There is some truth to these claims, such as Trump's own repeated references to the influence of evangelical Christian voters. For example, when he moved the U.S. Embassy in Israel from Tel Aviv to disputed Jerusalem during his tenure, he publicly stated that he was doing so for the sake of "evangelicals"; In his recent speech, for example, he declared that he could not imagine that "anyone who loves Israel — and to be honest, evangelicals really love Israel — would vote for the Democrats."

However, judging from the 2024 election strategy, the Republican Party strongly supports Israel but opposes the political line of aiding Ukraine, and there is a more cynical interpretation: the political effect they want to achieve is to turn Ukraine into Biden's second Afghanistan on the one hand, and on the other hand, rely on the long-blooded Gaza conflict to split the Democratic Party, so that Biden will lose the support of the Democratic Party left and Muslim voters.

Without the military assistance of the United States, as soon as the spring of the coming year arrives, under the background that Europe is objectively unable to replace the United States, the Ukrainian army may be difficult to resist Russia's large-scale offensive, and finally whether it is a crushing defeat on the battlefield or forced to return to the negotiating table under an absolute disadvantage, this will constitute a major setback for Biden's European policy, and the 24-hour news channels and social media in the United States will be filled with images of Ukraine's defeat and peace.
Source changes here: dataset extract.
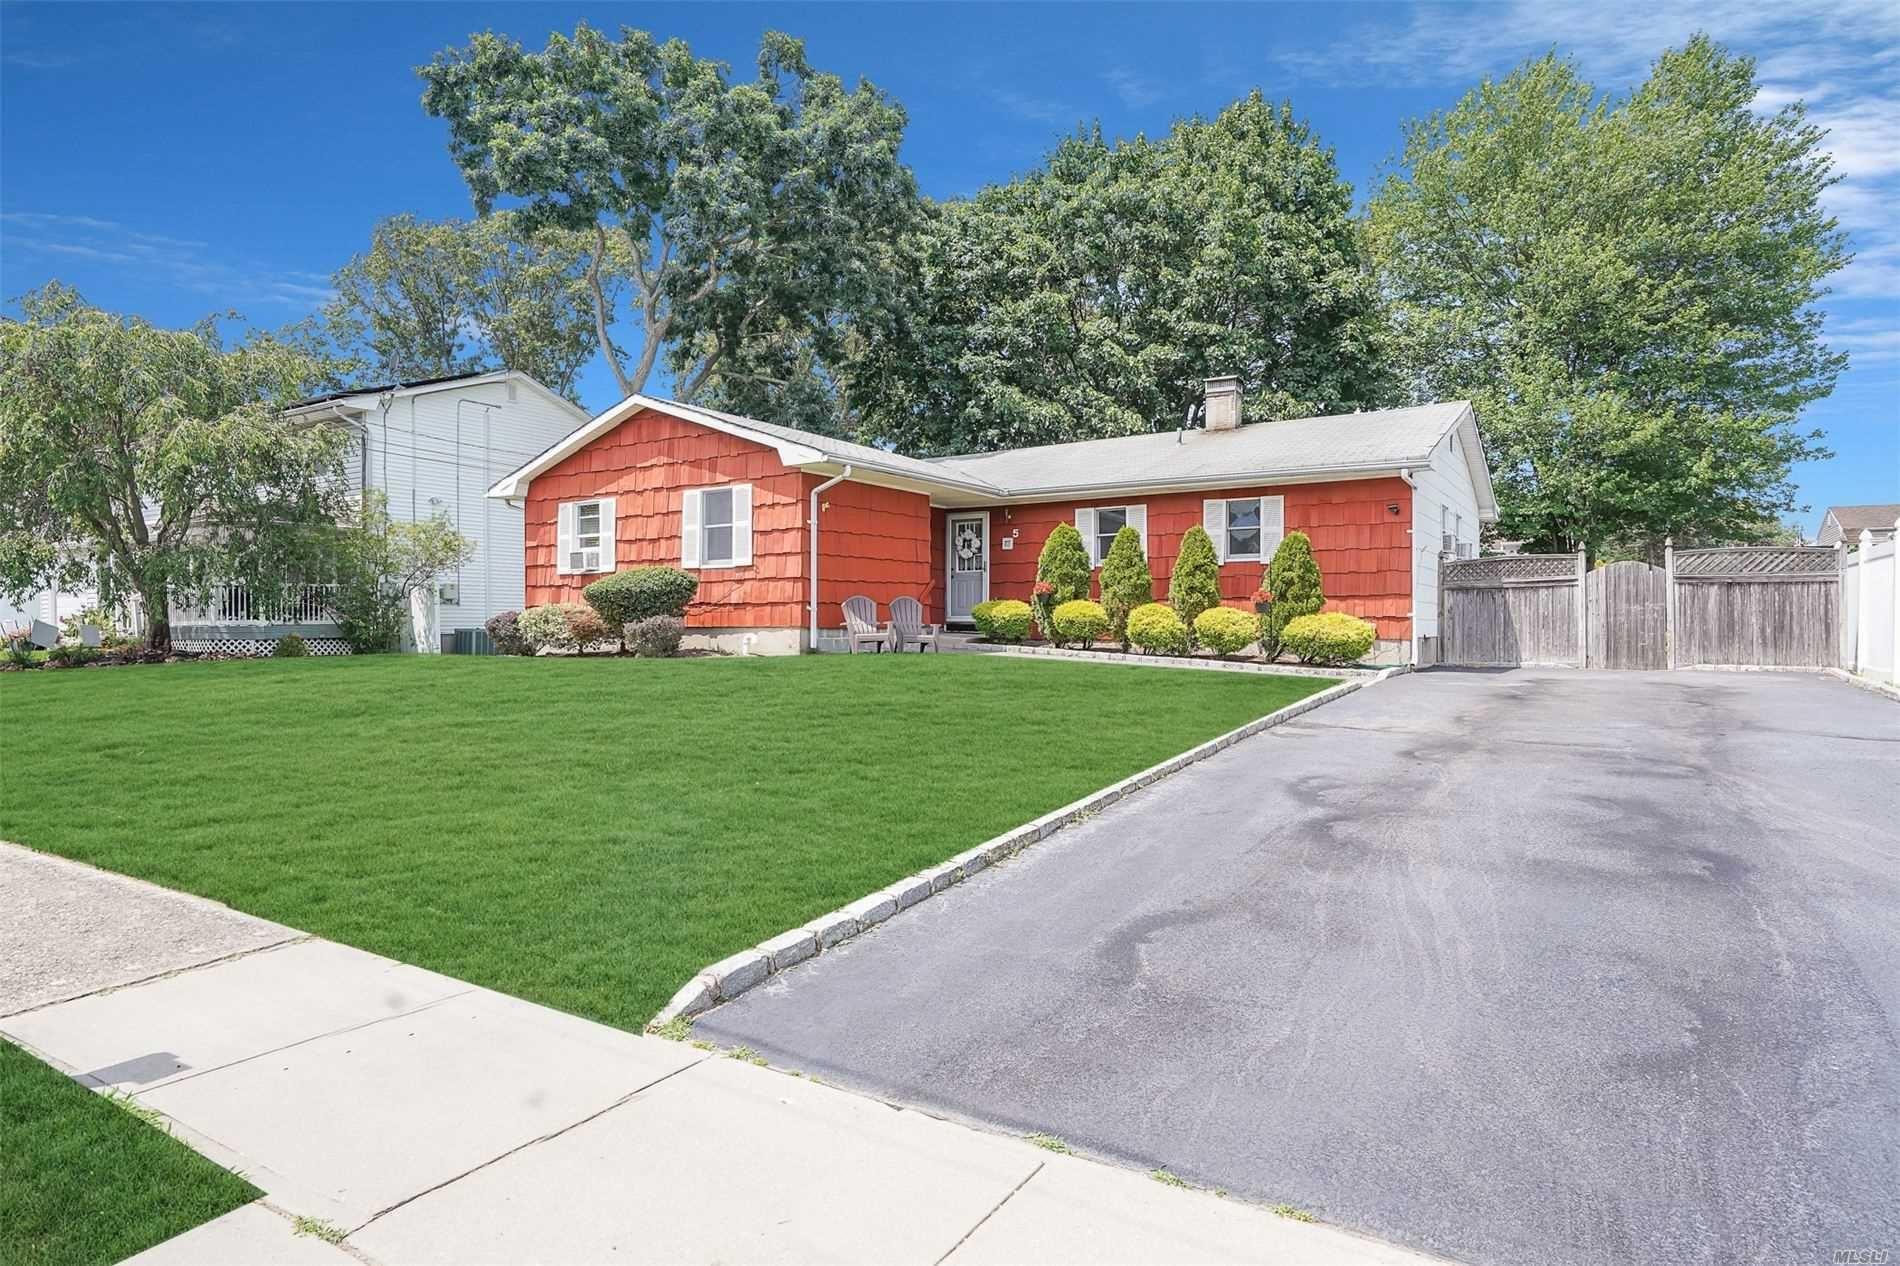 5 Sutton Place, Ronkonkoma, NY 11779 - MLS#: 3239471

On November 11, Biden encountered a pro-Palestinian demonstration in Massachusetts. (Reuters)

Let's not forget that the intersection of Biden's declining approval ratings and continued slump occurred in August 2021 when the Taliban stormed Kabul and foreigners and Afghans gathered at the airport to flee in panic.

The bloody Israeli-Palestinian conflict remains in the headlines of international news as a constant reminder of how Biden's insensitivity to the Palestinians is to the left-wing Democratic Party and to Muslim voters, who traditionally lean to support the Democrats. While these voters are unlikely to vote for Trump or the Republicans, as long as they don't come out to vote, Trump and the Republicans will have a better margin over Biden and the Democrats against the backdrop of the two-party "zero-sum game" in the United States and the tens of thousands of votes in swing states.

Of course, no Republicans will declare this kind of interpretation of the Republican Party, but the logic in it cannot but be said to be a very shrewd election calculation.